*** Source data ***

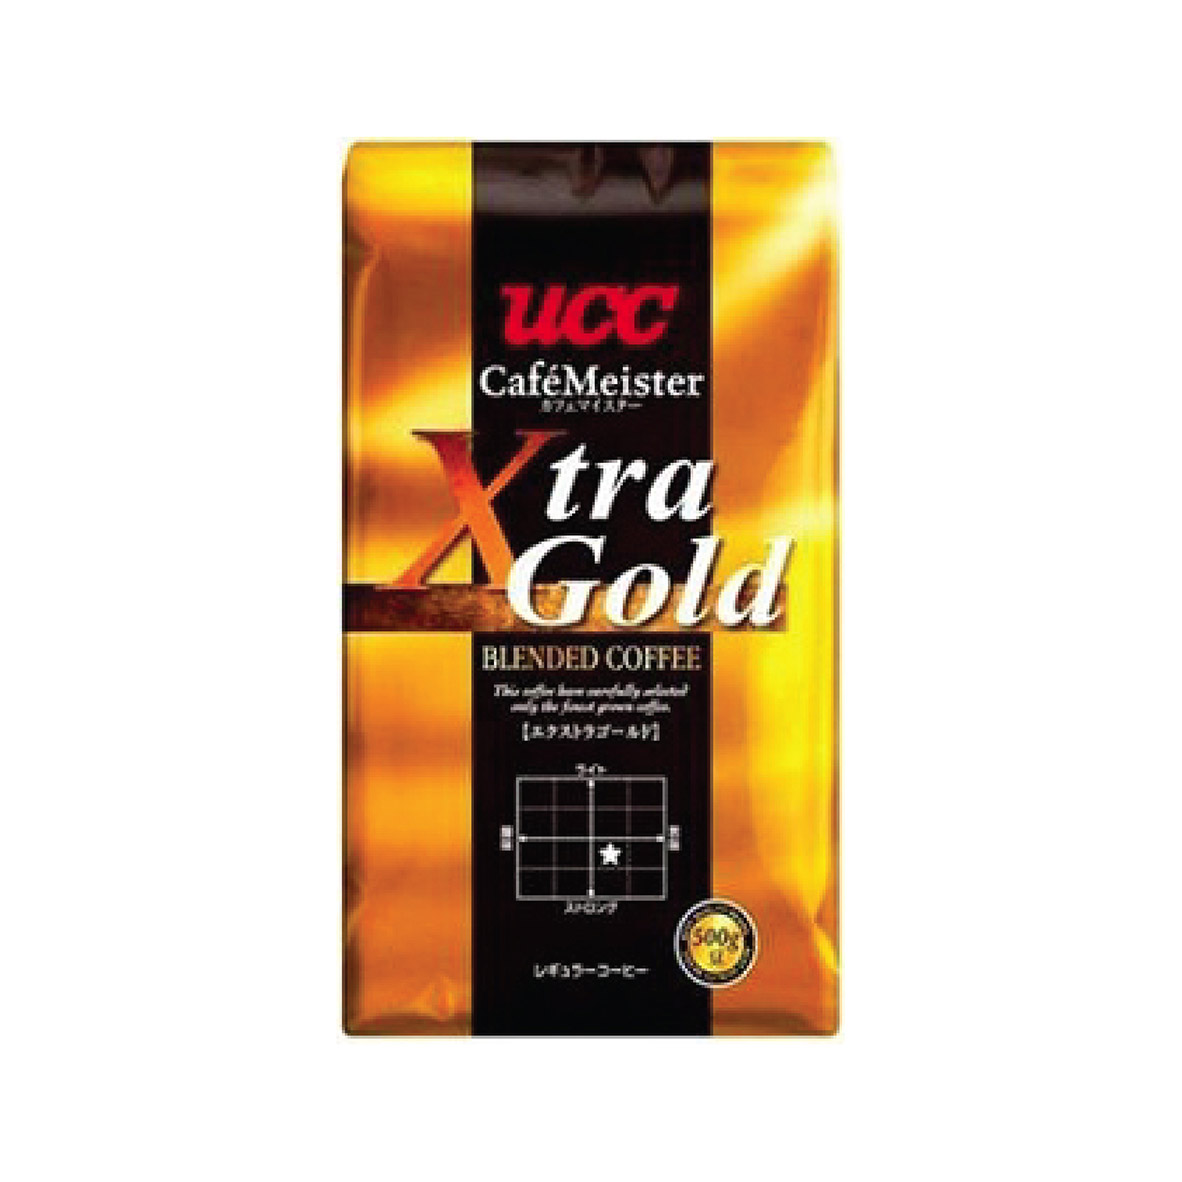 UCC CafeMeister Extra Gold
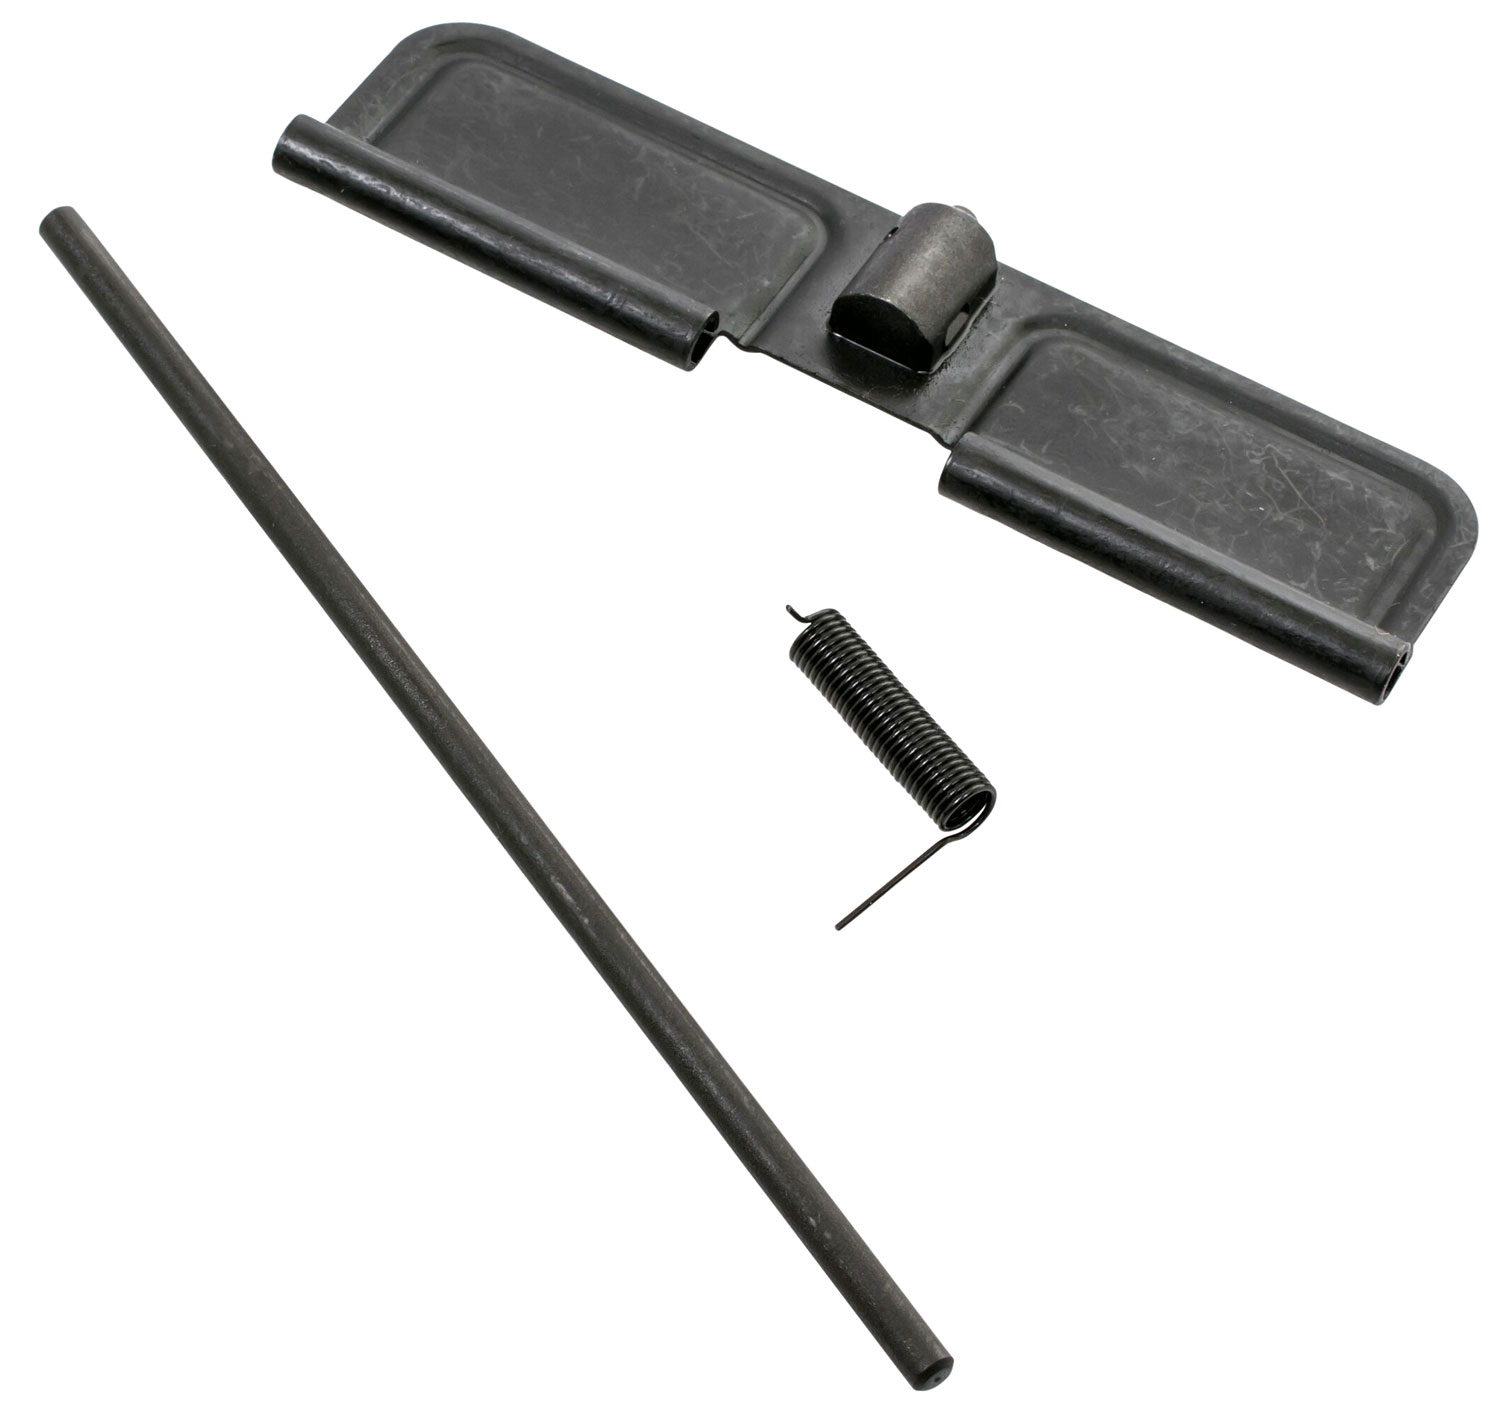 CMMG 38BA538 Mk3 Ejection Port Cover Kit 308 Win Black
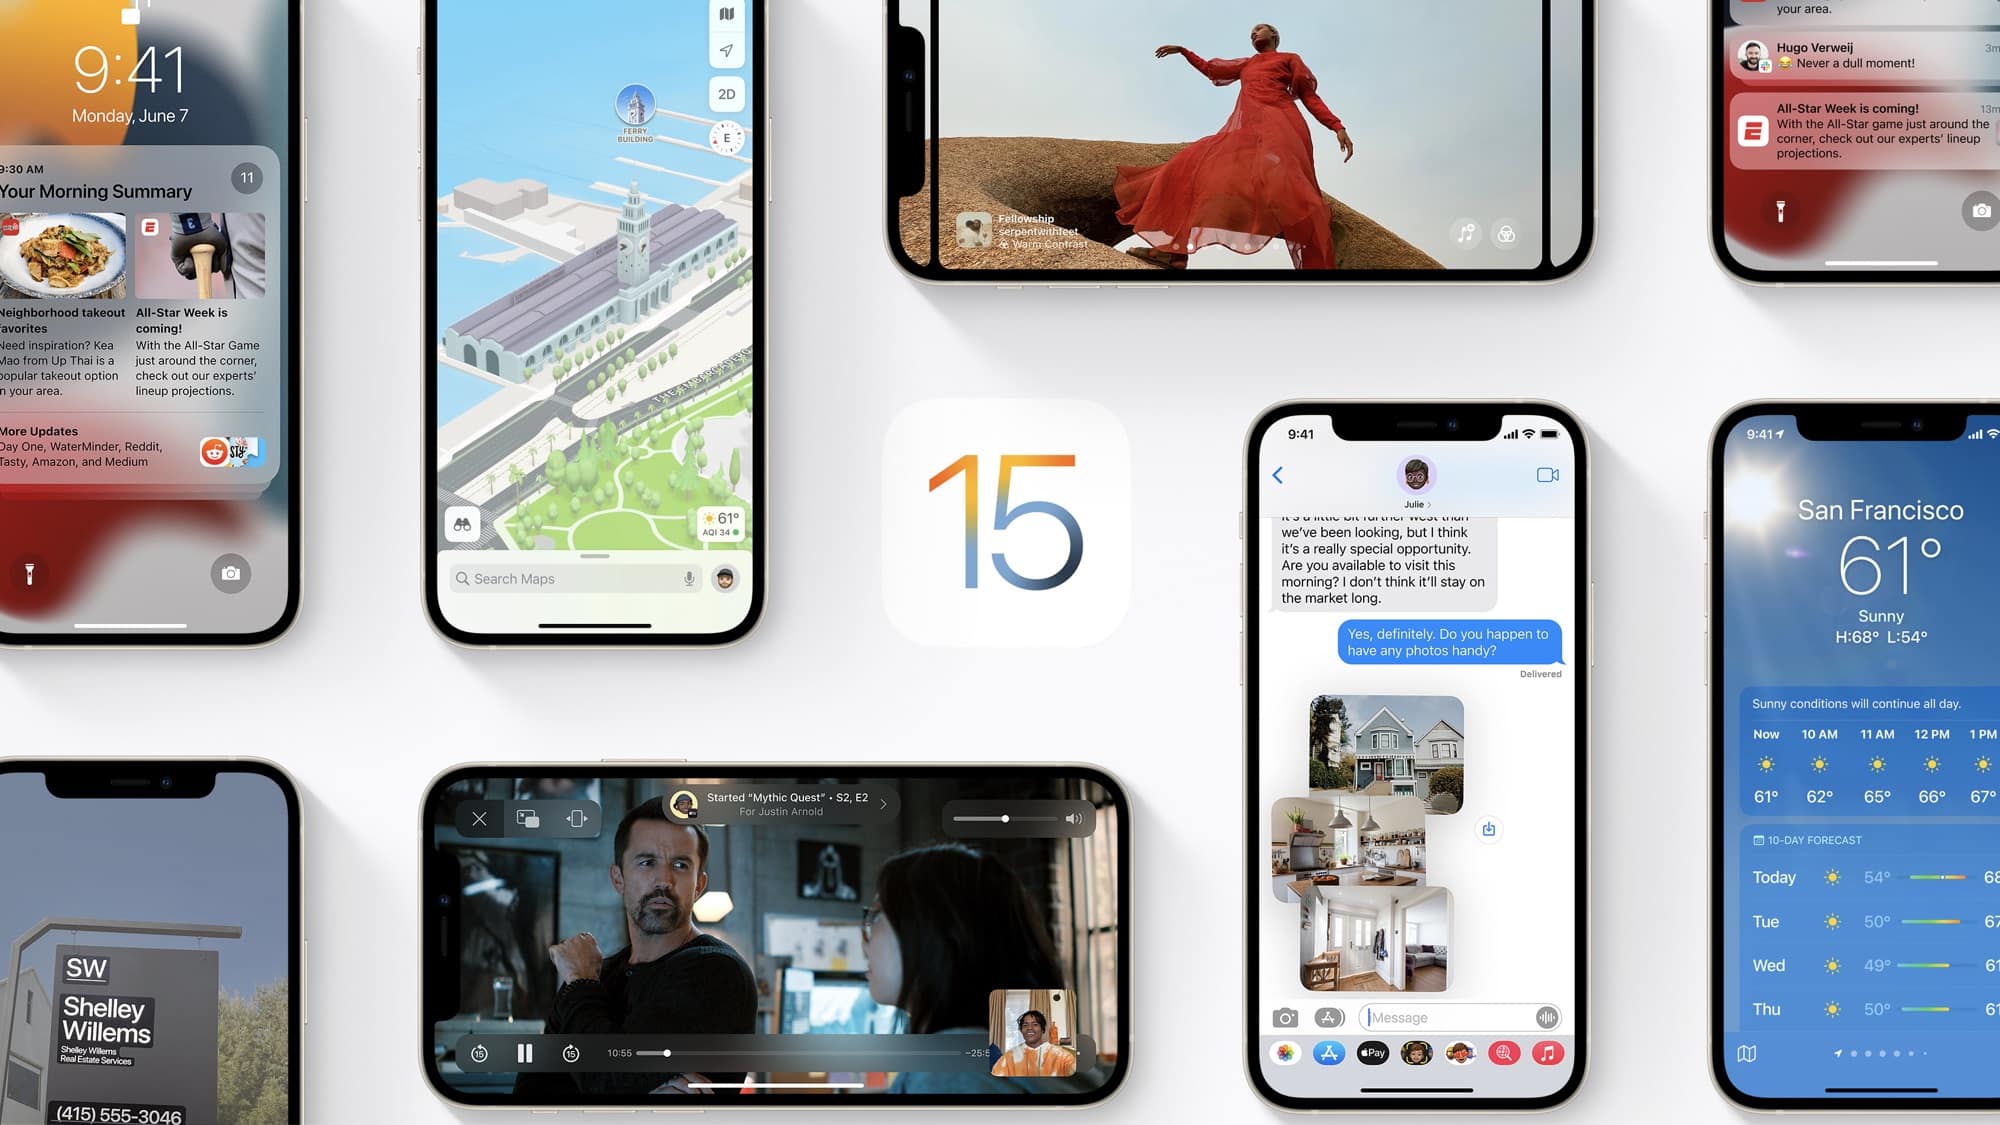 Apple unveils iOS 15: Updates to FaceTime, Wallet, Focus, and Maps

*** End of Source data ***

▶ _Work task_: Print the stretch of the data from the line with "CMMG 38BA538 Mk3" through its last line, exactly and with both ends kept. Omit pictures.

▶ _Response area_:
 CMMG 38BA538 Mk3 Ejection Port Cover Kit 308 Win Black
 Apple unveils iOS 15: Updates to FaceTime, Wallet, Focus, and Maps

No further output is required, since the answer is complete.